- _Data provided_
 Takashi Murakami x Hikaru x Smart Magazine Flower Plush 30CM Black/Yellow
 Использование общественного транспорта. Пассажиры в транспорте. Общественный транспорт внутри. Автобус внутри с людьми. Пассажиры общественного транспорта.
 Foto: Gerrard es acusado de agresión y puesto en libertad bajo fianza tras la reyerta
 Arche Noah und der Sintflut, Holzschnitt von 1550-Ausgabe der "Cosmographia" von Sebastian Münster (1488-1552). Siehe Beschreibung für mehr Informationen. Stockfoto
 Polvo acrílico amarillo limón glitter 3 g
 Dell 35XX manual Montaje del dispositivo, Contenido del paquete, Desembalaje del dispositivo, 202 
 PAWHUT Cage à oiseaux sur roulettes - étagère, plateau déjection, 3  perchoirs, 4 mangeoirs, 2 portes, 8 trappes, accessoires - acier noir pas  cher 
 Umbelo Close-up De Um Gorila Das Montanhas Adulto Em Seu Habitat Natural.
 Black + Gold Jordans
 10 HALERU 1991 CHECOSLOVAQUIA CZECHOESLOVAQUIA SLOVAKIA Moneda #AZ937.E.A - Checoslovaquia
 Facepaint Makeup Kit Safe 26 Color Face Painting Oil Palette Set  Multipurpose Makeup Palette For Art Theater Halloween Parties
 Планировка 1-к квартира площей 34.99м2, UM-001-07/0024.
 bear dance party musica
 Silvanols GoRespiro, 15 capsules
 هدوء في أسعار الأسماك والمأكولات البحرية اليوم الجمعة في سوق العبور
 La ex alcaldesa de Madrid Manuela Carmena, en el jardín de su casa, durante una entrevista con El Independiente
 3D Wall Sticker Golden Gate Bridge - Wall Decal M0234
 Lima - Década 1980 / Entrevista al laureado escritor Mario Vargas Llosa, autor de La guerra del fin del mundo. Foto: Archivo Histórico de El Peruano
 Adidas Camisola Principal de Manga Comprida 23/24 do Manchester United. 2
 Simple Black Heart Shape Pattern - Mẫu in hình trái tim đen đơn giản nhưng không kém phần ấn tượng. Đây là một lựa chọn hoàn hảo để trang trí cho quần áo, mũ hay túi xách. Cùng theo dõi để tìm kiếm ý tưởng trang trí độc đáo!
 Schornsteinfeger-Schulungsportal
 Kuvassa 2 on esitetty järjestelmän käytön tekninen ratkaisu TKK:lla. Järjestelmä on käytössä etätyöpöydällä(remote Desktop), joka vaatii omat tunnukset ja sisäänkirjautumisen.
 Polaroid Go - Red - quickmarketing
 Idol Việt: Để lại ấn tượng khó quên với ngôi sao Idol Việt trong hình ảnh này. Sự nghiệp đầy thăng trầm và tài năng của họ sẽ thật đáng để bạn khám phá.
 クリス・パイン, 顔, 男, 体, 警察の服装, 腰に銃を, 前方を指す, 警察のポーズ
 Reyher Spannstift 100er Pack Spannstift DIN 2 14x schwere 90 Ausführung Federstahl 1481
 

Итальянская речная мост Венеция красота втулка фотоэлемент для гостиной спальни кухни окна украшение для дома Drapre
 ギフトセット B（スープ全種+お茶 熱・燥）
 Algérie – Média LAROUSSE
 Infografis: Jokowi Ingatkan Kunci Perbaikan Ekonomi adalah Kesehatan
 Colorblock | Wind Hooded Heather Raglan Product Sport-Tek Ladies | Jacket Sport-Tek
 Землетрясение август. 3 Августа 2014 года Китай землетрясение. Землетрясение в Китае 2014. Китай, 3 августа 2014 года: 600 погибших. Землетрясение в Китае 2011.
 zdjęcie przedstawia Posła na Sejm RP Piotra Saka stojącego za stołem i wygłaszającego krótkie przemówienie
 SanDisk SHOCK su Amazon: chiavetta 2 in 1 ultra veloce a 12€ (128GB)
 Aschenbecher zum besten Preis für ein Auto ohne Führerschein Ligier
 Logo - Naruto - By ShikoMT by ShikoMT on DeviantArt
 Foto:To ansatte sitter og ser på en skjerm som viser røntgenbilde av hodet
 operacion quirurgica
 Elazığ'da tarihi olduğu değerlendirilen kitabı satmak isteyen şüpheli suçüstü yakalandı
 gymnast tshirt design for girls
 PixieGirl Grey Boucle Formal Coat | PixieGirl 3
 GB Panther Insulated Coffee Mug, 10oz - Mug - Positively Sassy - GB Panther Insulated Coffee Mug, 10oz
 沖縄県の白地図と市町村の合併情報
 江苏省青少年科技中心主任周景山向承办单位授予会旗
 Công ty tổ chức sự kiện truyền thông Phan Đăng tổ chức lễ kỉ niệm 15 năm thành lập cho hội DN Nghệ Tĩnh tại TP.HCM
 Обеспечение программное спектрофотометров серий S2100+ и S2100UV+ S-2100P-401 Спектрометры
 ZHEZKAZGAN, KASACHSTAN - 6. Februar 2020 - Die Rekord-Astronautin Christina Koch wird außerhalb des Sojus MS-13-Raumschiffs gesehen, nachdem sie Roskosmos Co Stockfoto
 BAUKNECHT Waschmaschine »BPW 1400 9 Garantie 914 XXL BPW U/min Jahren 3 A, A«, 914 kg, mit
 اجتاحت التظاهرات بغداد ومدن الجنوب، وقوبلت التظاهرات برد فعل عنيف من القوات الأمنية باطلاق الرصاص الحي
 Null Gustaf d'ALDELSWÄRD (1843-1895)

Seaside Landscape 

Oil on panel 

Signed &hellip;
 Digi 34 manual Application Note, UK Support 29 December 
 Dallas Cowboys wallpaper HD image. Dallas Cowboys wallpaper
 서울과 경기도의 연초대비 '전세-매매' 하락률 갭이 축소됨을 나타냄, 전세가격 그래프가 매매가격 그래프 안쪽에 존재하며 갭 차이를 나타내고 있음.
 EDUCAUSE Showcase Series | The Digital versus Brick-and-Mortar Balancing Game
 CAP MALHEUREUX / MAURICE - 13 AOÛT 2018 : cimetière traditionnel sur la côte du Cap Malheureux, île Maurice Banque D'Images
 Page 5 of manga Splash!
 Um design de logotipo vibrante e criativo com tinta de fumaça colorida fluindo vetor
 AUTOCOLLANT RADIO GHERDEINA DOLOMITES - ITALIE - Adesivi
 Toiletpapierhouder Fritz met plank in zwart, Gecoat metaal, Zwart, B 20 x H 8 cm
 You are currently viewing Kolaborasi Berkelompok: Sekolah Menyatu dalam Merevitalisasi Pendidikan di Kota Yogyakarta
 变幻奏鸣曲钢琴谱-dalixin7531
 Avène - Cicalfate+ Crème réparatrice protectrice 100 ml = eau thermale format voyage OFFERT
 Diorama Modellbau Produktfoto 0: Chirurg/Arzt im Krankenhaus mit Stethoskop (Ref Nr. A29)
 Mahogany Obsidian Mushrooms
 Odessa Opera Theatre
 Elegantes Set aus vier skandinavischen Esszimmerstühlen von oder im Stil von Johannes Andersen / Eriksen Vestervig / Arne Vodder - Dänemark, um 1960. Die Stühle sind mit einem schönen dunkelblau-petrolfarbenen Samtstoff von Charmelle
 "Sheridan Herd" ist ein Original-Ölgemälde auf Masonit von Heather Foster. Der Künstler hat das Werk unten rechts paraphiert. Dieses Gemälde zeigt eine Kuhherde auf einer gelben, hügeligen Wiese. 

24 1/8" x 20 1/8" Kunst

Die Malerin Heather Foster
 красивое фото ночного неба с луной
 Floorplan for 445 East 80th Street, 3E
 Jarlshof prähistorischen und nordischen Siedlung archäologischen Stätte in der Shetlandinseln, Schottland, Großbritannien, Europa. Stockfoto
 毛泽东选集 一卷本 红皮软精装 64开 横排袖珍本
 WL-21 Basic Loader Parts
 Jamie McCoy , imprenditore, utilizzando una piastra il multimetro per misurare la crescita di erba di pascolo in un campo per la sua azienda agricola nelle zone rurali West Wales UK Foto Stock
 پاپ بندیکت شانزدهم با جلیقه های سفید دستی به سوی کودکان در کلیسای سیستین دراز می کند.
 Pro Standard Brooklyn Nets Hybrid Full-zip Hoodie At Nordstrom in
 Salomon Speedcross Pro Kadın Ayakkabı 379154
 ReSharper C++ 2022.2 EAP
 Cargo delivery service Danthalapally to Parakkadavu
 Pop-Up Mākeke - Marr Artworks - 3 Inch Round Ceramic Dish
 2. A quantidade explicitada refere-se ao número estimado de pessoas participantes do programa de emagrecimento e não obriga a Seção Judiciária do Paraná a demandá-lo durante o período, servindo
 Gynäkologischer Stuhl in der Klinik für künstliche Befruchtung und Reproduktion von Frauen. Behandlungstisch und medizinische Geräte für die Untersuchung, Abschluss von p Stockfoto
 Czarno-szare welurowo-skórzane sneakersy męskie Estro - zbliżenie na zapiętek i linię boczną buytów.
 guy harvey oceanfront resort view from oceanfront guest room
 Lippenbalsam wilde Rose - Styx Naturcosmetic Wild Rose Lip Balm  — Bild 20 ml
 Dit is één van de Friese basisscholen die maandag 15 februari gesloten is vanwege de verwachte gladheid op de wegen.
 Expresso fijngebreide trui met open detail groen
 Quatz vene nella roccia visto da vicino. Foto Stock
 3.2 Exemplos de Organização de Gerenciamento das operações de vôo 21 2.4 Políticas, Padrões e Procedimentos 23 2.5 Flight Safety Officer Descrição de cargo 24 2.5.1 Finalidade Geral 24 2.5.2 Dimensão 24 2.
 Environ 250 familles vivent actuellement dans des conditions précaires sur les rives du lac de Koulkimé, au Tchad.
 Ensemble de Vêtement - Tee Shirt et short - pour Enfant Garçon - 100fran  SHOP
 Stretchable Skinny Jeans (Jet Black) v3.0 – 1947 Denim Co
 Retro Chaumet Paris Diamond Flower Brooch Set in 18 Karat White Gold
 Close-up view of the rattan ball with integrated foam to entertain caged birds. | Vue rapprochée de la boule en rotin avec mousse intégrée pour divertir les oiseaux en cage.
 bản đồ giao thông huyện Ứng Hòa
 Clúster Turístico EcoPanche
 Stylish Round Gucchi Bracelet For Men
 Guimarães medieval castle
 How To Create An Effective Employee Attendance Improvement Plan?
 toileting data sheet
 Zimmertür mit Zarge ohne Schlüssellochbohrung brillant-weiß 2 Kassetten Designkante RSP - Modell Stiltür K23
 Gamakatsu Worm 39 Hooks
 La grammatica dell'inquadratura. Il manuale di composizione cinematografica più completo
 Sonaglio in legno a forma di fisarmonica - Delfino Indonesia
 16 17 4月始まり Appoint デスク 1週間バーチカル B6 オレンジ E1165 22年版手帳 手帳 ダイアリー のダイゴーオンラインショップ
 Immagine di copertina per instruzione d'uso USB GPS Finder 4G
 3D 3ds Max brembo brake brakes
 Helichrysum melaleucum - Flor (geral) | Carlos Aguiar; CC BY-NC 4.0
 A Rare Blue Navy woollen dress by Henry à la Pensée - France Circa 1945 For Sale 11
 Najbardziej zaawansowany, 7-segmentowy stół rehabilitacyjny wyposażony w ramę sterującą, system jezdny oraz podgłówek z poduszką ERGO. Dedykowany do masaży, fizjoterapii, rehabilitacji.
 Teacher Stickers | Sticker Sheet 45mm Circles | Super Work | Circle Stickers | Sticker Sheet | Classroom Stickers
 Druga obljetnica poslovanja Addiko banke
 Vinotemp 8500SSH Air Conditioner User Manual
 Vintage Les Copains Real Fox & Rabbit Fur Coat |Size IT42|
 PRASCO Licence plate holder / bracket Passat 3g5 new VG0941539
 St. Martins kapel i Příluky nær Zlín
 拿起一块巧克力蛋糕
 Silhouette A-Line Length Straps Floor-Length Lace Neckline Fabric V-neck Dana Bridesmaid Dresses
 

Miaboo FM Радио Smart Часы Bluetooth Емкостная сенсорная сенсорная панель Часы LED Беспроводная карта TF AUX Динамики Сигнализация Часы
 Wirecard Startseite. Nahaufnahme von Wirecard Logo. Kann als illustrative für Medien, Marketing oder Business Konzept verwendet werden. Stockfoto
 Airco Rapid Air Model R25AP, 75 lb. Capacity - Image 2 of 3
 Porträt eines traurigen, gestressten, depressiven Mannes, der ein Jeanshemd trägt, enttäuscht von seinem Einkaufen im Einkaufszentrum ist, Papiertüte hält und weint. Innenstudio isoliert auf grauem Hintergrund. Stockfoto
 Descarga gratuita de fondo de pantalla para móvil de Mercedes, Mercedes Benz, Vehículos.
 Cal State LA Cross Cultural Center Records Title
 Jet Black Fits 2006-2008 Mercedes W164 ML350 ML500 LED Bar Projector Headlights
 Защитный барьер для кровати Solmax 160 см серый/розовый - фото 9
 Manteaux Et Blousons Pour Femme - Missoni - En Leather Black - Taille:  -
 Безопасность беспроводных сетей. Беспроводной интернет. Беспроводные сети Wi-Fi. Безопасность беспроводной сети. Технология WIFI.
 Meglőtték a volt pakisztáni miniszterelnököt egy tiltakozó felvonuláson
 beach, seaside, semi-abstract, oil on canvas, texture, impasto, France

- _Task details_
Could you set down, exactly as written, the lines above between the one holding "ReSharper C++ 2022.2 EAP" and the one holding "Environ 250 familles", inclusive, and nothing more?

- _Solution for this task_
 ReSharper C++ 2022.2 EAP
 Cargo delivery service Danthalapally to Parakkadavu
 Pop-Up Mākeke - Marr Artworks - 3 Inch Round Ceramic Dish
 2. A quantidade explicitada refere-se ao número estimado de pessoas participantes do programa de emagrecimento e não obriga a Seção Judiciária do Paraná a demandá-lo durante o período, servindo
 Gynäkologischer Stuhl in der Klinik für künstliche Befruchtung und Reproduktion von Frauen. Behandlungstisch und medizinische Geräte für die Untersuchung, Abschluss von p Stockfoto
 Czarno-szare welurowo-skórzane sneakersy męskie Estro - zbliżenie na zapiętek i linię boczną buytów.
 guy harvey oceanfront resort view from oceanfront guest room
 Lippenbalsam wilde Rose - Styx Naturcosmetic Wild Rose Lip Balm  — Bild 20 ml
 Dit is één van de Friese basisscholen die maandag 15 februari gesloten is vanwege de verwachte gladheid op de wegen.
 Expresso fijngebreide trui met open detail groen
 Quatz vene nella roccia visto da vicino. Foto Stock
 3.2 Exemplos de Organização de Gerenciamento das operações de vôo 21 2.4 Políticas, Padrões e Procedimentos 23 2.5 Flight Safety Officer Descrição de cargo 24 2.5.1 Finalidade Geral 24 2.5.2 Dimensão 24 2.
 Environ 250 familles vivent actuellement dans des conditions précaires sur les rives du lac de Koulkimé, au Tchad.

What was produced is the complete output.